Ibis
Ibis is a portable Python dataframe library. Because Sail is a Spark Connect server, Ibis can run your existing PySpark-backend code against Sail with a one-line change.
Installation
Install Ibis with the PySpark backend, along with a Spark Connect client.
pip install "ibis-framework[pyspark]>=12,<13"Then install and run Sail by following the Getting Started guide.
Connecting to Sail
Ibis's PySpark backend accepts any SparkSession. Build one that points at your running Sail server using the sc:// URL, and pass it to ibis.pyspark.connect.
import ibis
from pyspark.sql import SparkSession
spark = SparkSession.builder.remote("sc://localhost:50051").getOrCreate()
con = ibis.pyspark.connect(session=spark)If you already use Ibis against a local JVM Spark or a Spark cluster, this is the only change required. The rest of your Ibis code works unchanged.
INFO
Replace localhost:50051 with the address of your Sail server.
TIP
For exploratory work in a notebook or REPL, enable Ibis's interactive mode so expressions render as tables instead of unevaluated objects.
ibis.options.interactive = TrueINFO
Sail is tested against Ibis 12.x. Newer versions may work but are not yet verified.
Example
import ibis
from ibis import _
from pyspark.sql import SparkSession
spark = SparkSession.builder.remote("sc://localhost:50051").getOrCreate()
con = ibis.pyspark.connect(session=spark)

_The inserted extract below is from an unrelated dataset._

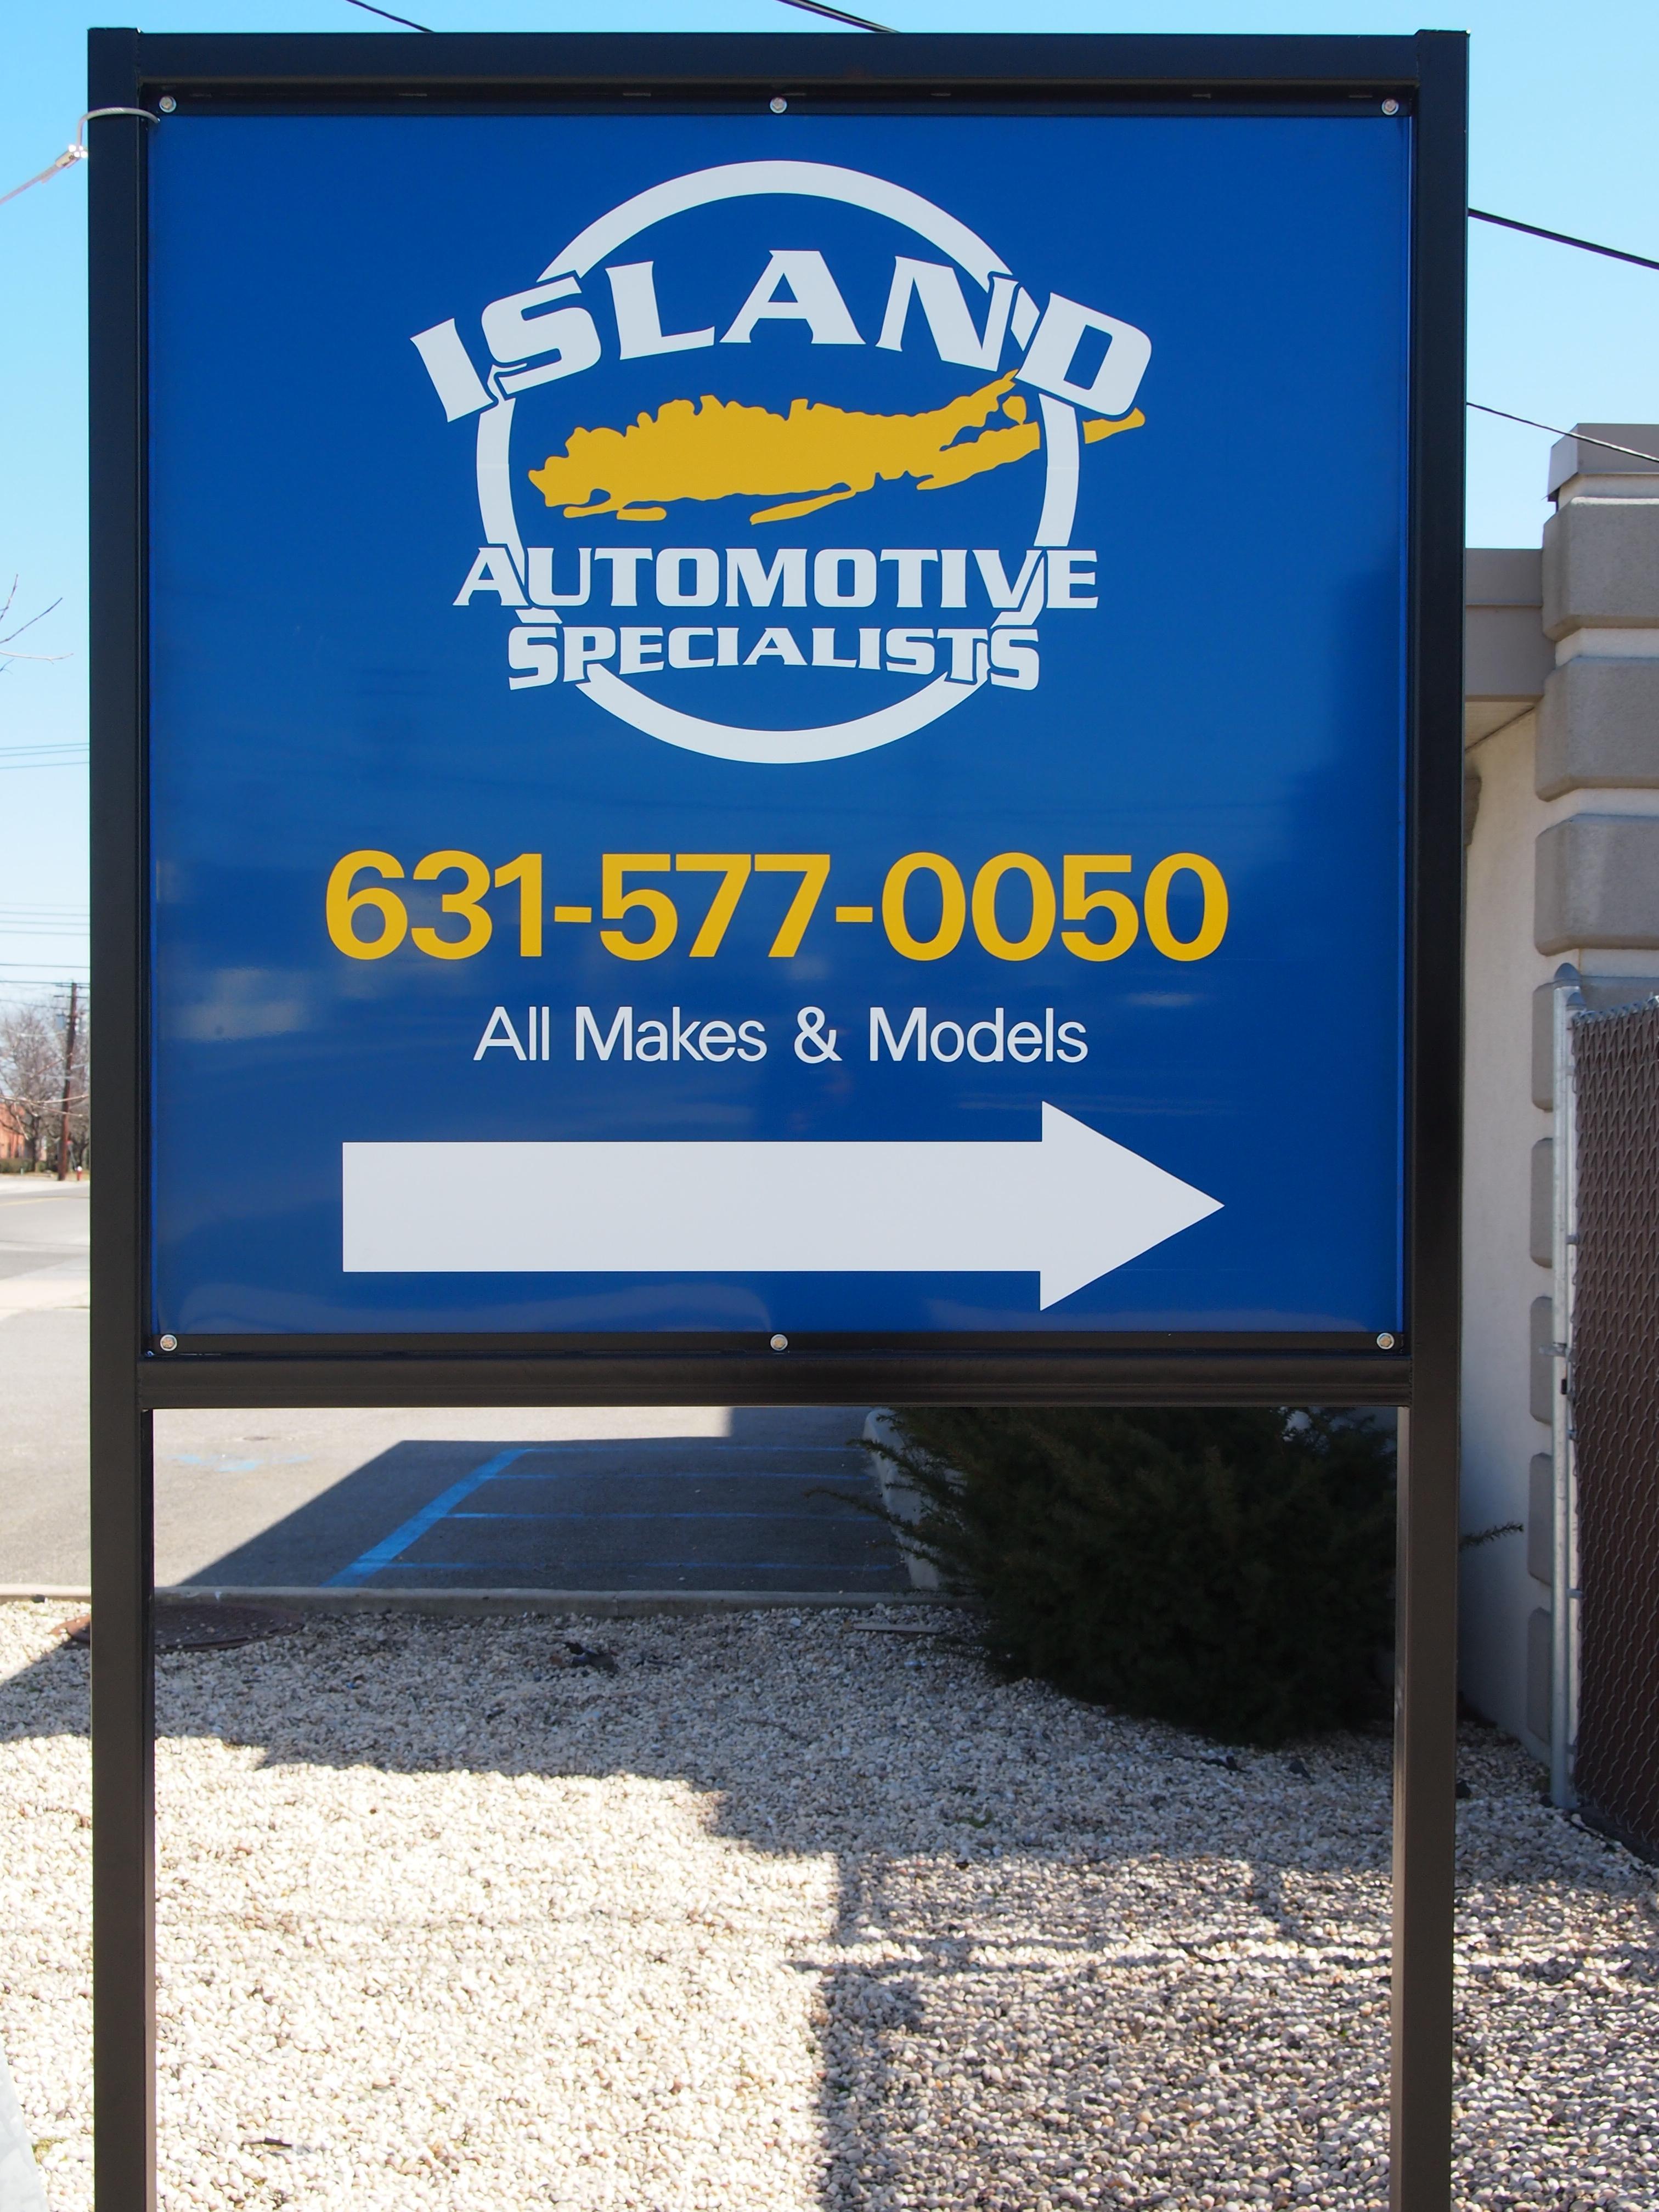 Island automotive specialists

users = con.read_parquet("/data/users.parquet", table_name="users")
result = (
users
.filter(_.age > 30)
.group_by("country")
.aggregate(n=_.count(), avg_age=_.age.mean())
.order_by(ibis.desc("n"))
.execute()
)
print(result)Ibis compiles the expression to PySpark operations, ships it over Spark Connect, and Sail executes it. execute() returns a pandas DataFrame.
You can also run raw SQL through the same connection.
con.sql("SELECT country, COUNT(*) AS n FROM users GROUP BY country").execute()Deploying in Production
For production use, run Sail on your own infrastructure and have your Ibis client connect to it over the network. See the Deployment guide for how to run Sail on Kubernetes or in a container.
Once Sail is running, point Ibis at its address. The client code is the same as local use — only the sc:// URL changes.
import ibis
from pyspark.sql import SparkSession
spark = SparkSession.builder.remote("sc://sail.internal:50051").getOrCreate()
con = ibis.pyspark.connect(session=spark)Your Ibis client can run anywhere that has network access to the Sail server — an application server, an Airflow worker, a notebook environment, or a data science workstation. Ibis itself is a thin client over Spark Connect, so it does not need to be co-located with Sail.
INFO
Sail serves Spark Connect over gRPC on the configured address. Network-level access control (private networking, ingress rules, VPN, port-forwarding for Kubernetes) is handled at your deployment layer, not inside Ibis or the Spark Connect client.
Why Use Ibis with Sail
- Keep your code portable. The same Ibis expressions can target DuckDB, BigQuery, Snowflake, and other backends. Using Sail does not lock you in.
- Skip the JVM.
sail spark serverplus Ibis gives you the full dataframe experience locally with no JVM to manage. - Drop-in for existing PySpark-backend users. Point your
SparkSessionat Sail and your Ibis workflow runs on Sail's engine.